From the comparison of two extant genomes and corresponding gene families, PhylDiag detects conserved segments, i.e. segments of chromosomes unbroken during evolution.
Inputs
- two extant genomes, G1 and G2
- a set of gene families, F
Outputs
- conserved segments
Example of
- genome: data/Homo.sapiens.genome
- set of families: data/Euarchontoglires.families
- conserved segments: res/Homo.sapiens_Mus.musculus_fEuarchontoglires.sbs
(phylDiag automatically uncompresses files with extensions *.bz2)
Gene families can be computed from a forest of phylogenetic gene trees, see https://github.com/DyogenIBENS/LibsDyogen.
A genome is a set of chromosomes. A chromosome is a list of genes. A gene is a pair (gene name, transcription orientation).

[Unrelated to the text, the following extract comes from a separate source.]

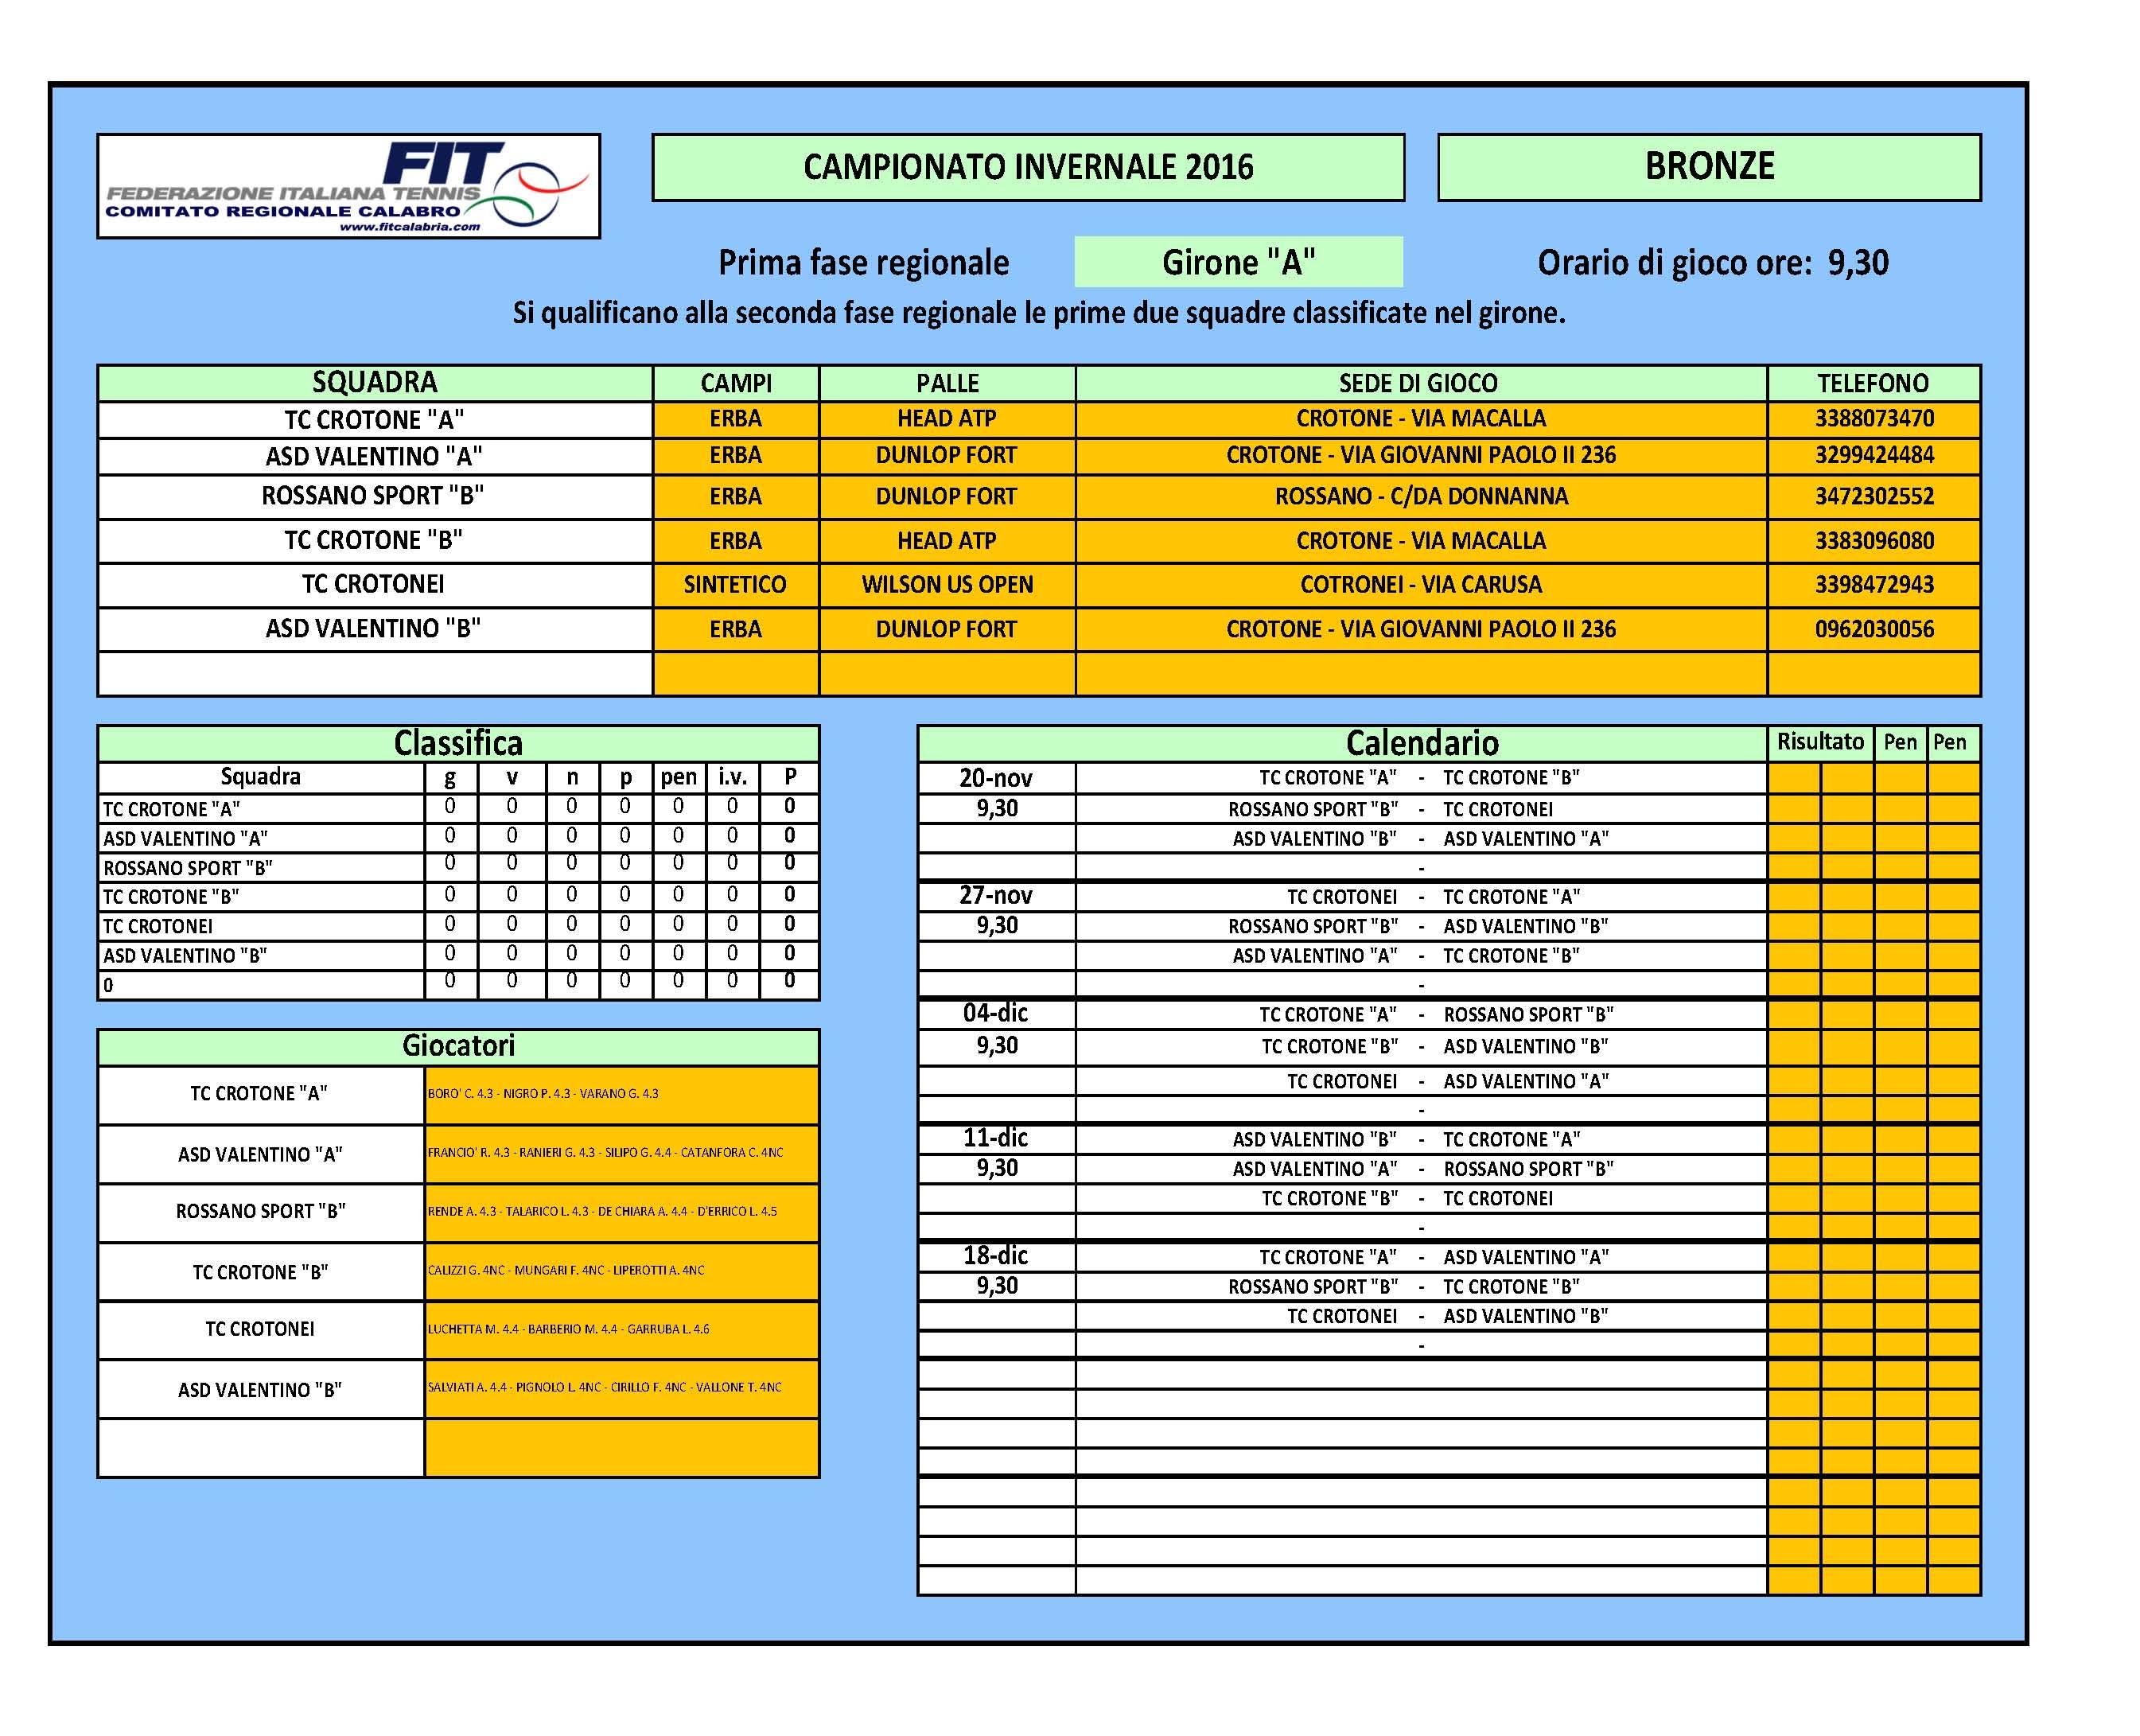 calendario-bronze-m-2016-girone-a_pagina_1

F, the set of gene families, is an associative array that links, for each family,
- the family name (key)
- to the set of names of the descendant genes (values)
The name of a gene family is often the name of the ancestral gene, at the root of the gene family.
PhylDiag can also return synteny blocks, if
- identification of micro-rearrangements,
- identification of mono-genic conserved segments
are disabled (--no-imr and --no-imcs).
PhylDiag is explained in more details in two publications
- PhylDiag : identifying complex synteny blocks that include tandem duplications using phylogenetic gene trees
- High precision detection of conserved segments from synteny blocks"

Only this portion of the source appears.